Pathways to ownership

Does your employment contract provide for periodic performance reviews and clear pathways to ownership in the group?

Termination Provisions

Carefully review the termination provisions in any employment agreement. Termination provisions typically have different notice provisions based on the type of termination, such as with cause or without cause, and based on who is initiating contract termination.

Notice

  • Are the notice provisions sufficient to allow you to secure new employment without an excessive break in compensation? For example, 30 days is a very short notice period for a physician.
  • Does the employment agreement provide that in lieu of notice, the employer can pay you off early? If so, do your benefits continue during that notice period?
  • Does the employment agreement include a list of events that are grounds for immediate termination for cause (and without notice)?
    • Is the list of events reasonable? Reasonable events for immediate termination could include:
      • Loss of licensure
      • Loss of hospital privileges (not including a temporary suspension)
      • Revocation of DEA registration
      • Felony conviction
      • Exclusion from participation in Medicare or Medicaid
      • Inability to obtain malpractice insurance
      • Inability to be credentialed with payors
      • Confidentiality breaches
      • Harassment of staff or patients
      • Material failures to follow employment policies
    • Certain other events may provide for a “cure period” rather than immediate termination – for example:
      • Suspension of hospital privileges.

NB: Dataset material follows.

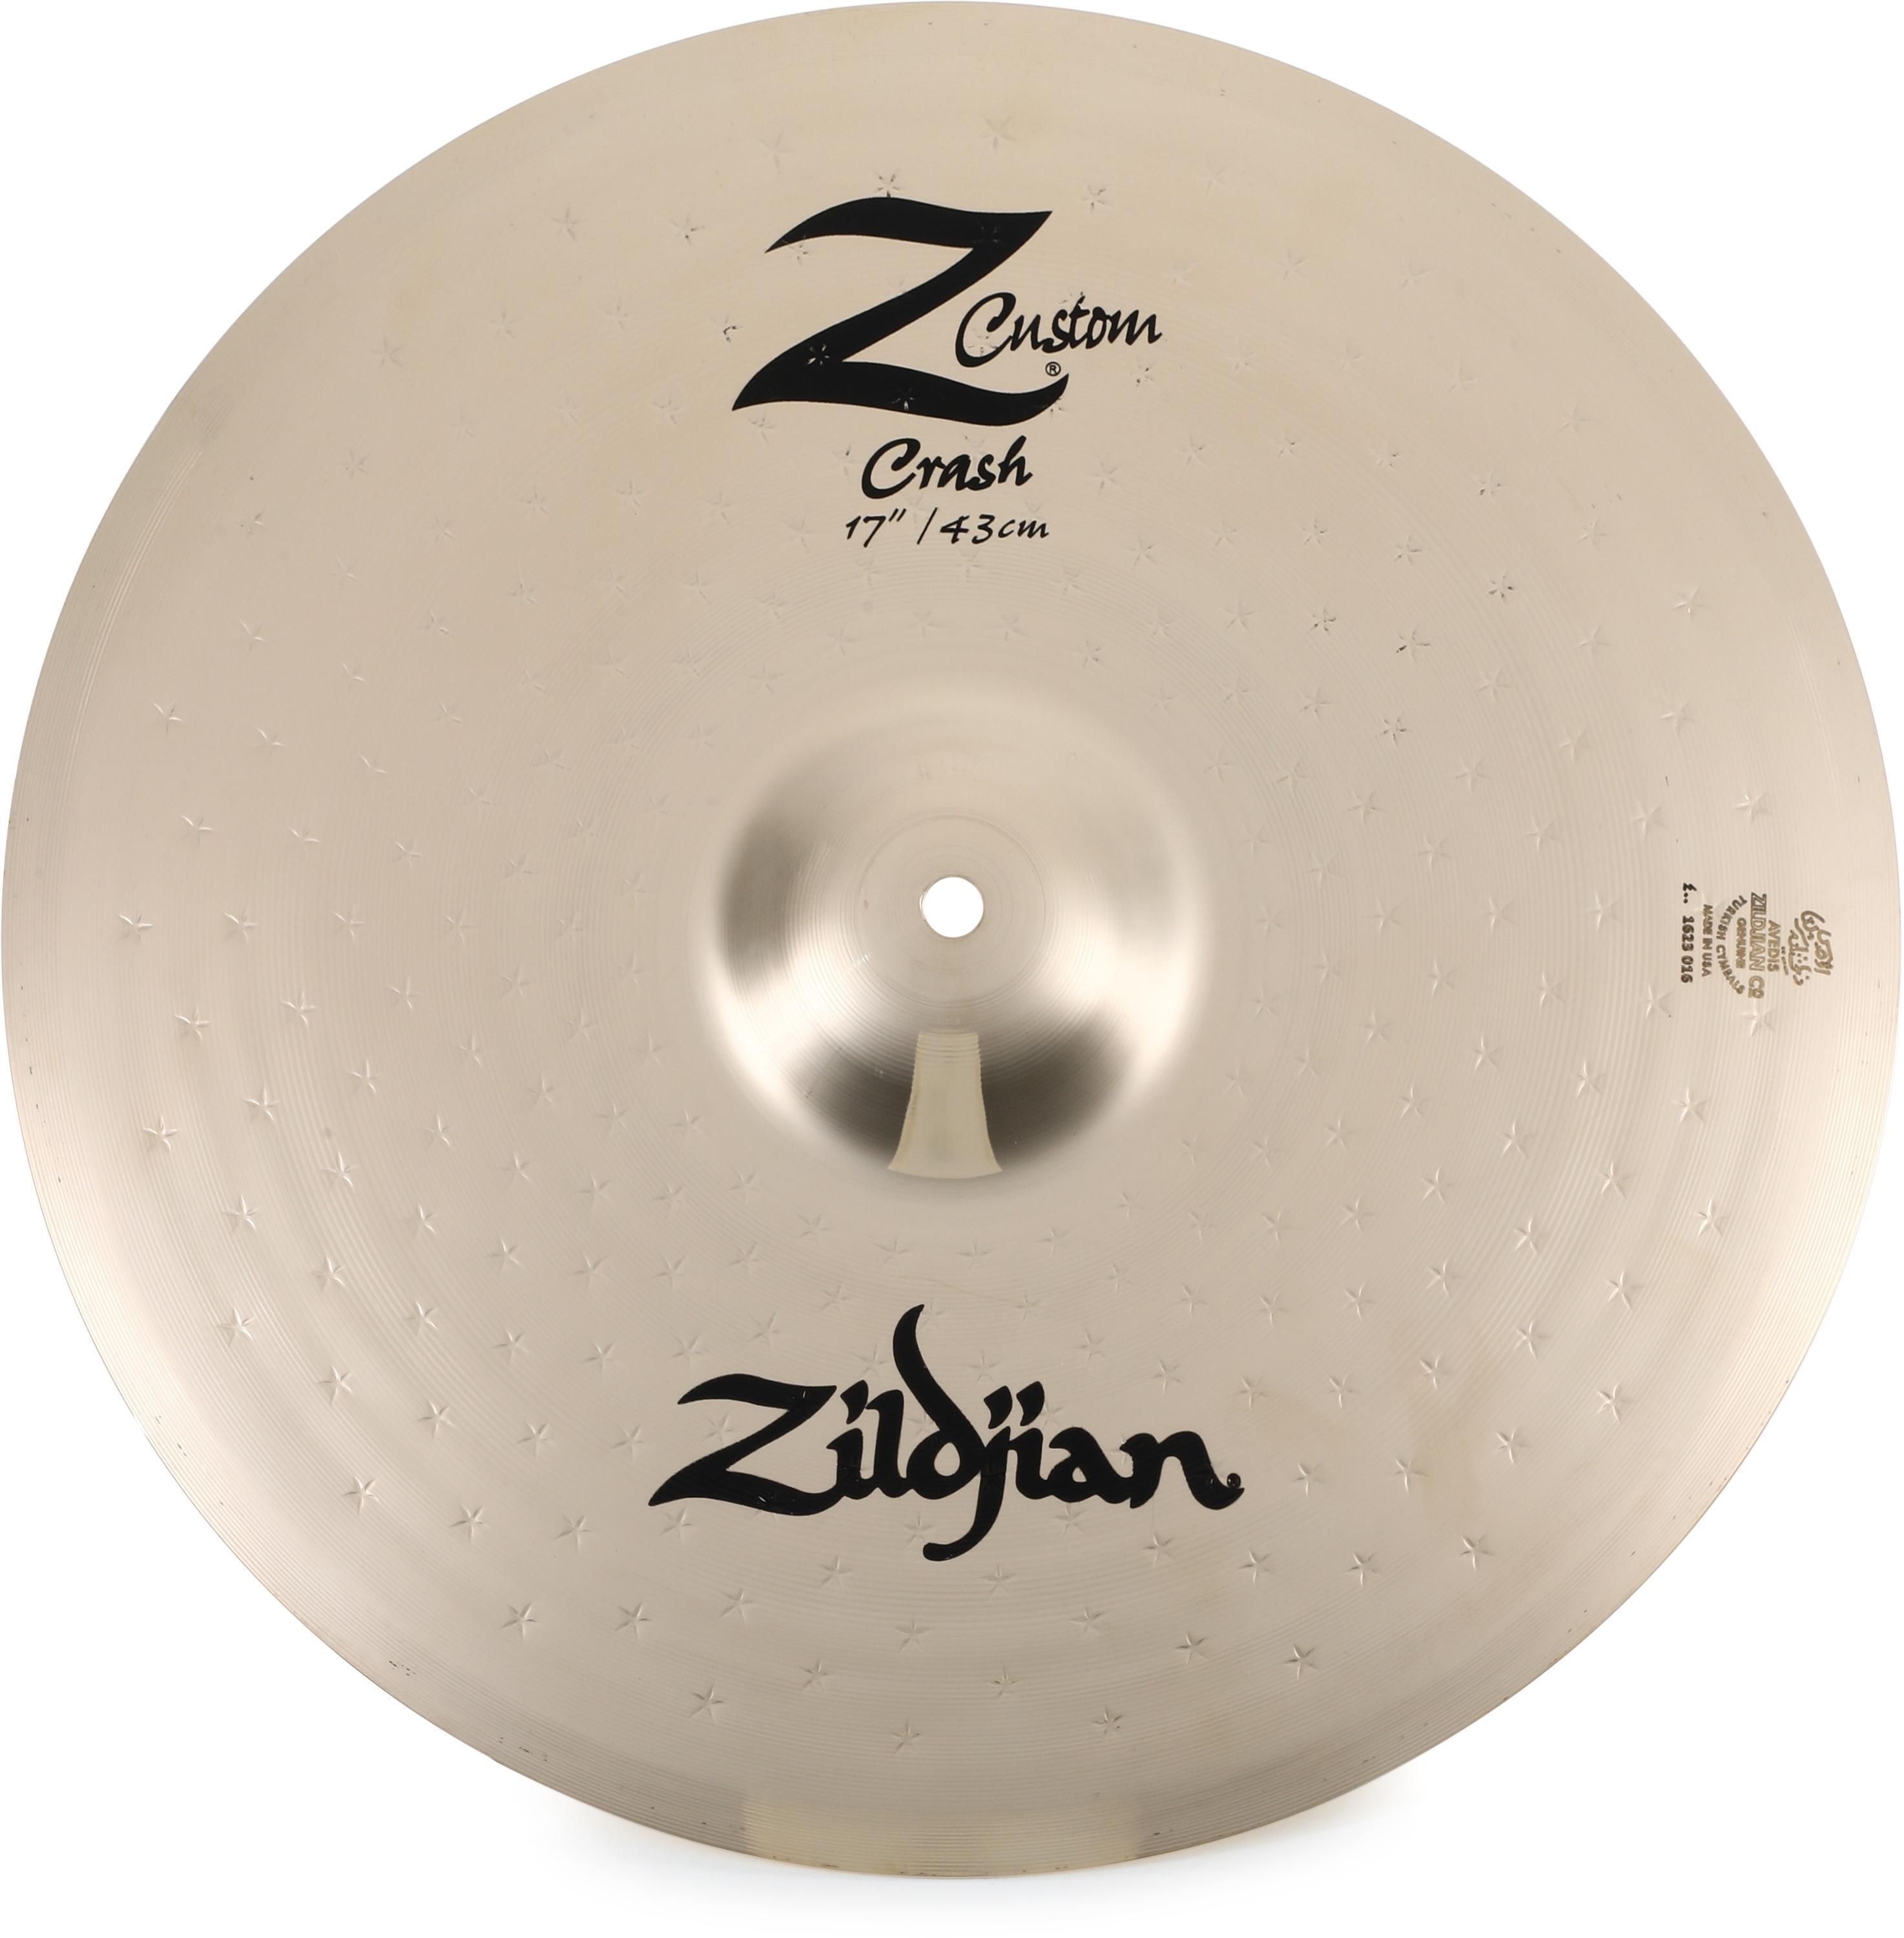 Zildjian Z Custom Crash Cymbal - 17 inch | Sweetwater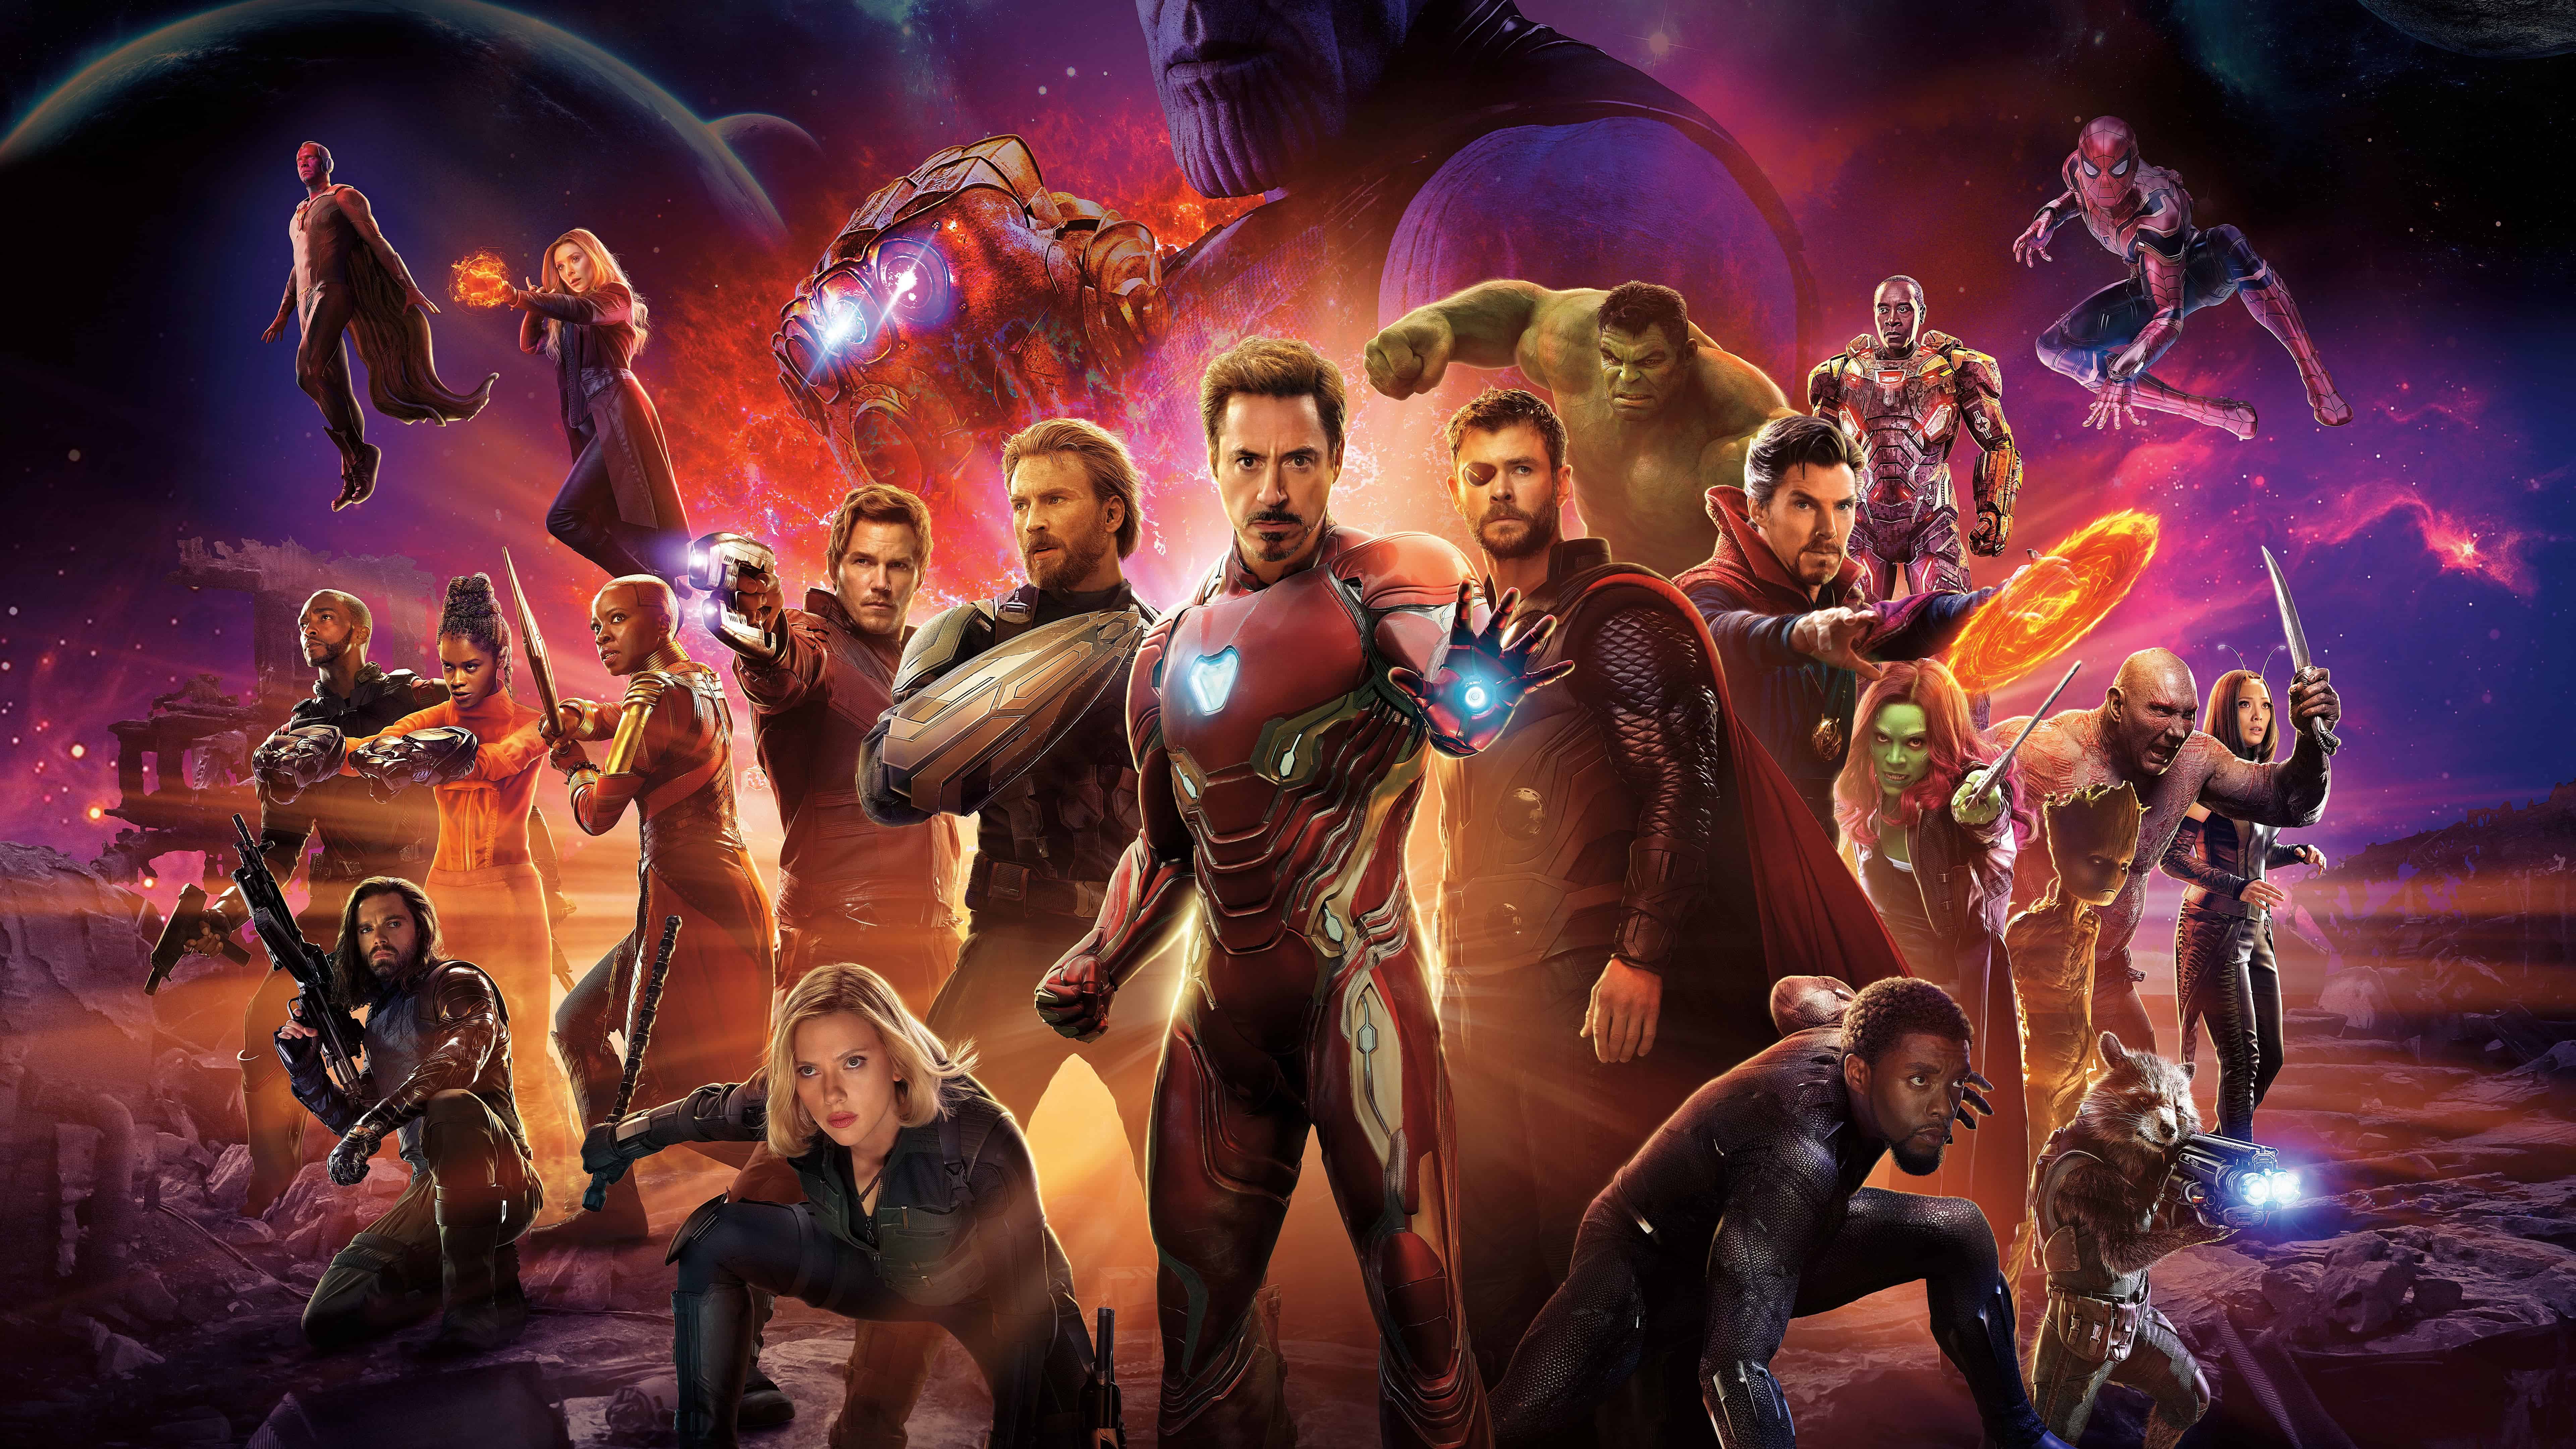 Free download Avengers Infinity War International Poster UHD 8K Wallpaper Pixelz [7680x4320] for your Desktop, Mobile & Tablet. Explore Avengers: Infinity War 4K Wallpaper. Avengers: Infinity War 4K Wallpaper

If hospital privileges are suspended, it would be reasonable for the employer to suspend the physician without pay while the physician exhausts his/her due process rights with the hospital, with termination of employment reserved for a loss of privileges as a final action of the hospital.
      • Suspension of medical license pending investigation. If the physician’s medical license is suspended, it would be reasonable for the employer to suspend the physician without pay while the physician exhausts his/her due process rights with the licensing board, with termination of employment reserved for a loss of license (or long term suspension or other restrictions) as a final action of the licensing board.

Breach and cure

  • Does the employment agreement include a process for notice and the ability to cure other contract breaches before termination?
    • For example - failure to follow an employer or hospital policy
  • Does the employer have a policy/process for addressing company concerns that are not a contract breach?

Hospital privileges

  • If hospital privileges are suspended or terminated, does your employment contract allow you to exhaust due process rights under the hospital’s medical staff bylaws? If legal counsel is required, will your employer/group practice pay for that representation?
  • If employment is terminated with a group practice that provides emergency services to a hospital, the physician typically is required to resign his/her medical staff privileges, or privileges are automatically terminated, so that the physician cannot compete with the group practice’s hospital contract.
  • Loss of privileges not related to matters of professional competence or conduct is not reportable to the National Practitioner Data Bank.